Maybe they would just have this wedding without the bride, she thought. Was that the plan?

In the living room, all available chairs had been lined up facing the fireplace. That must be where Dr. Soames would stand. In the dining room, Linda and Eliza were setting out platters of pastries. In the kitchen, the twins were gazing enraptured at Driscoll; he was discussing the honeymoon. “I told Sooze we ought to just head to Obrycki’s for crabs,” he said. “Call that our honeymoon, in keeping with the general tone of the wedding. And she said, ‘Or why not carry-out?’ but in the end we settled for three days at-Oh, Miz Grinstead! Hey there!”

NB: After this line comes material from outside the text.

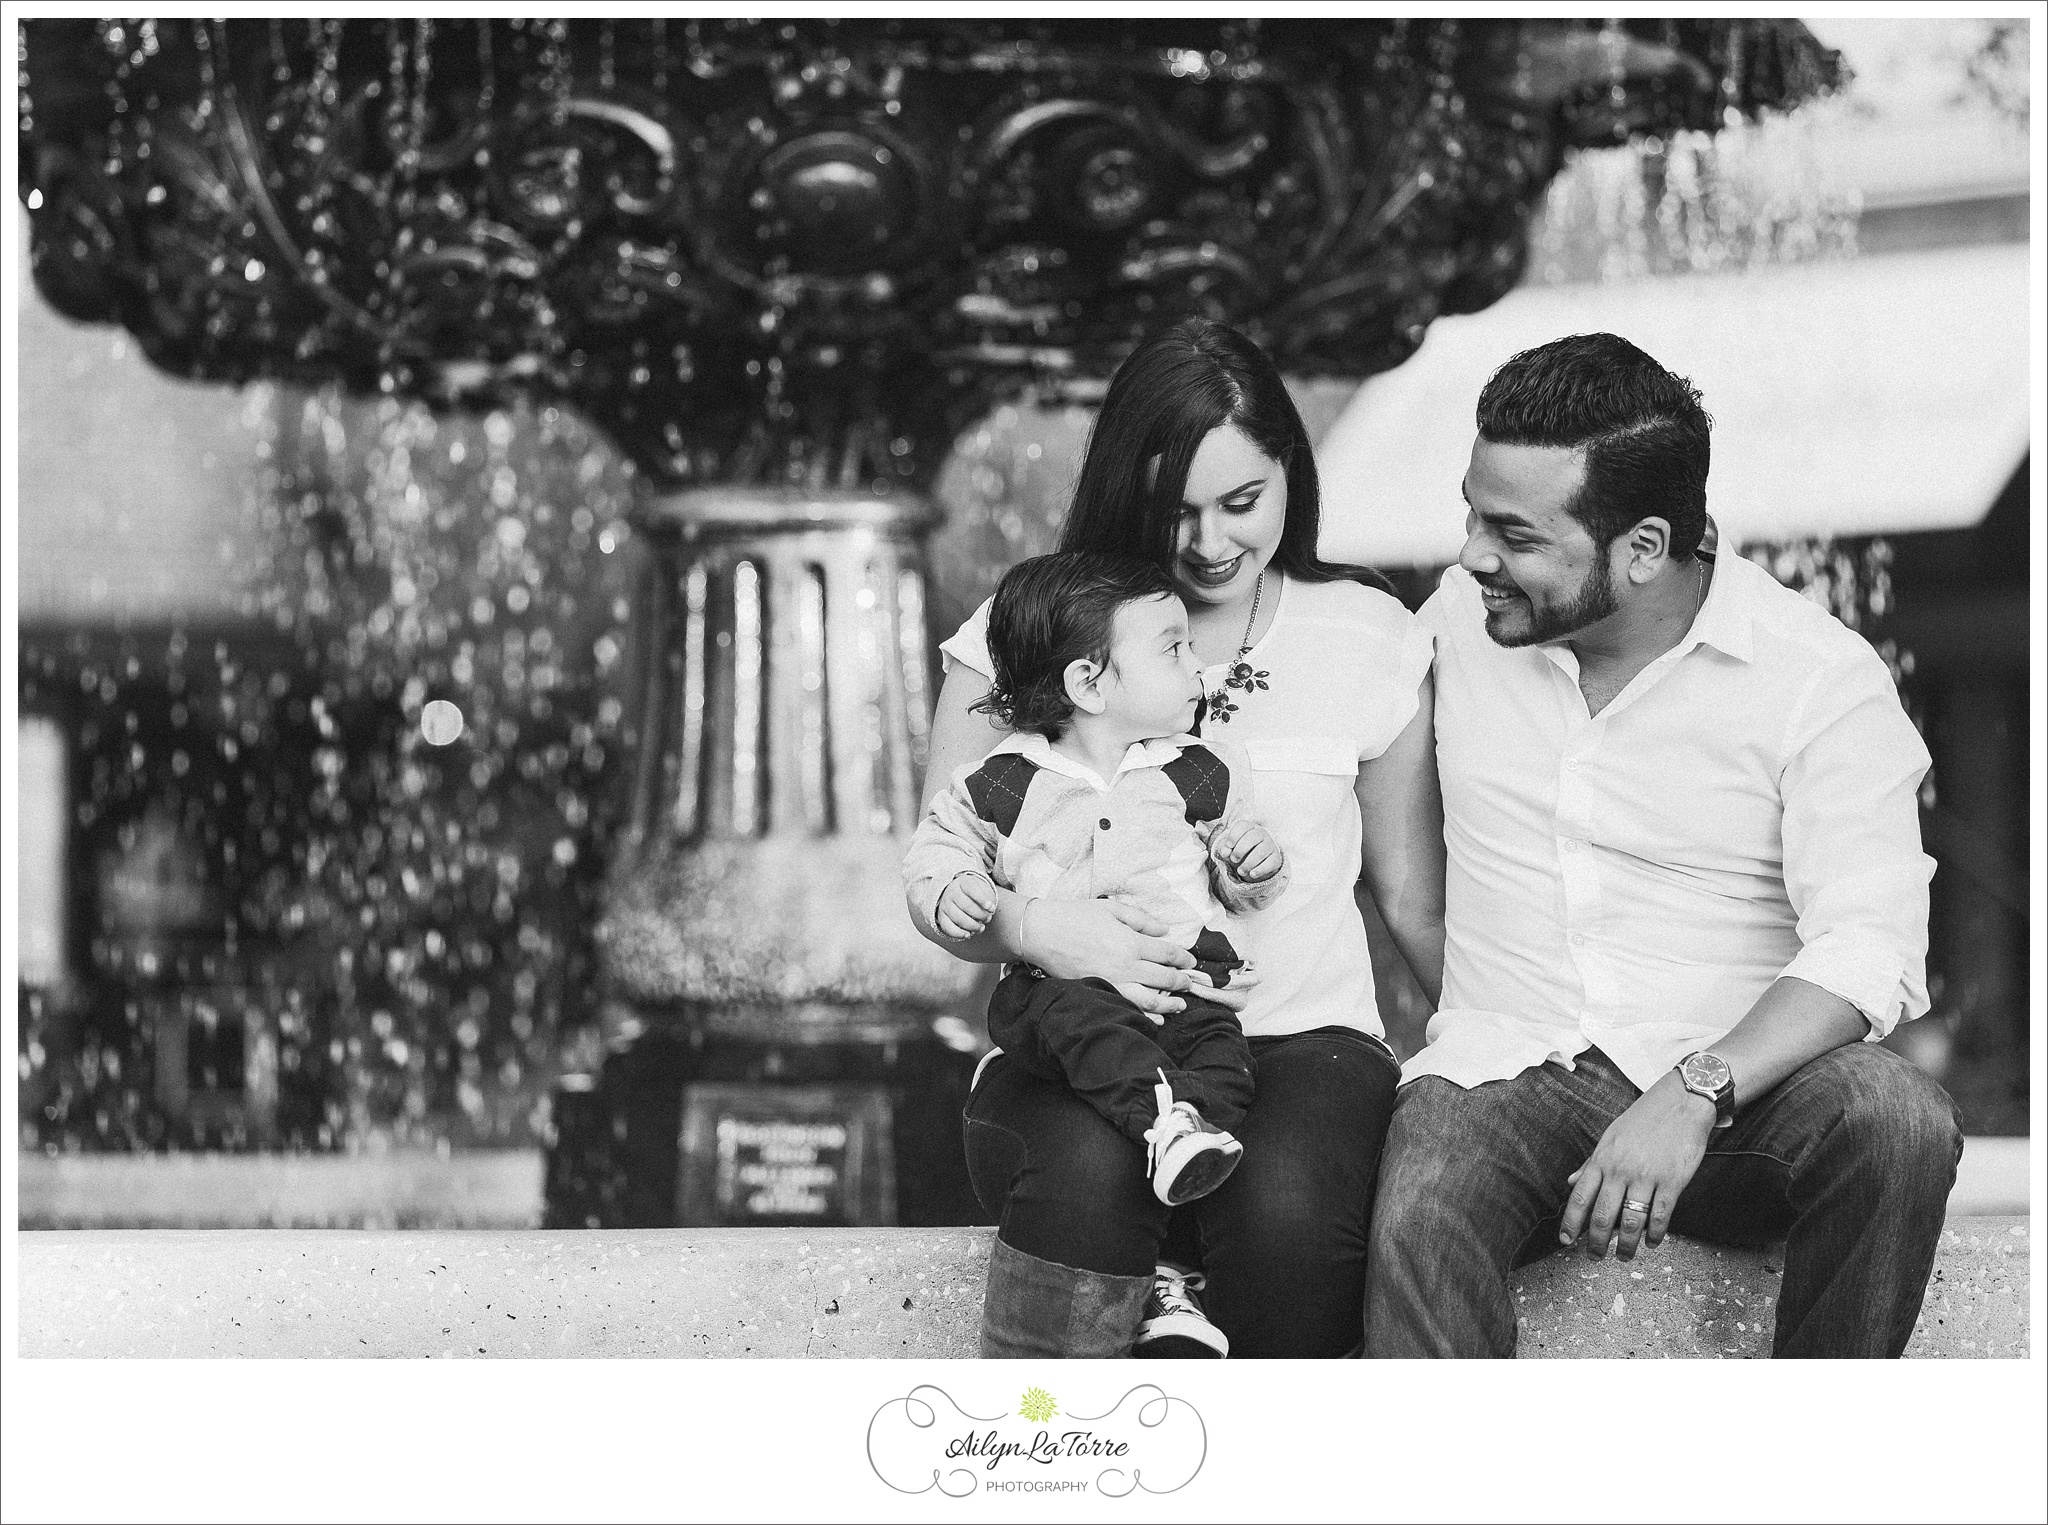 Old Hyde Park Family Photographer | © Ailyn La Torre Photography 2014

“Hello, Driscoll,” Delia said. She was puzzled to see him looking so cheerful. He was dressed in a navy suit with a white rose in the lapel, and his face had a scrubbed, fresh, oblivious look. She said, “Ah, have you… talked with Susie this morning?”

“Oh, can’t see the bride before the ceremony, Miz Grinstead!” he said, wagging a finger.

“Yes, but just to talk with her-talk on the phone, maybe,” Delia said.

“Say! Where’s those ushers of mine, Miz Grinstead? Any sign of them yet?”

“Ushers?”

“Ramsay and Carroll!”

“Well, no, I… gosh, I hope someone thought to wake them,” she said. Neither one of the boys had yet lost the knack of sleeping till noon.

“Maybe you should give them a ring,” Driscoll told her.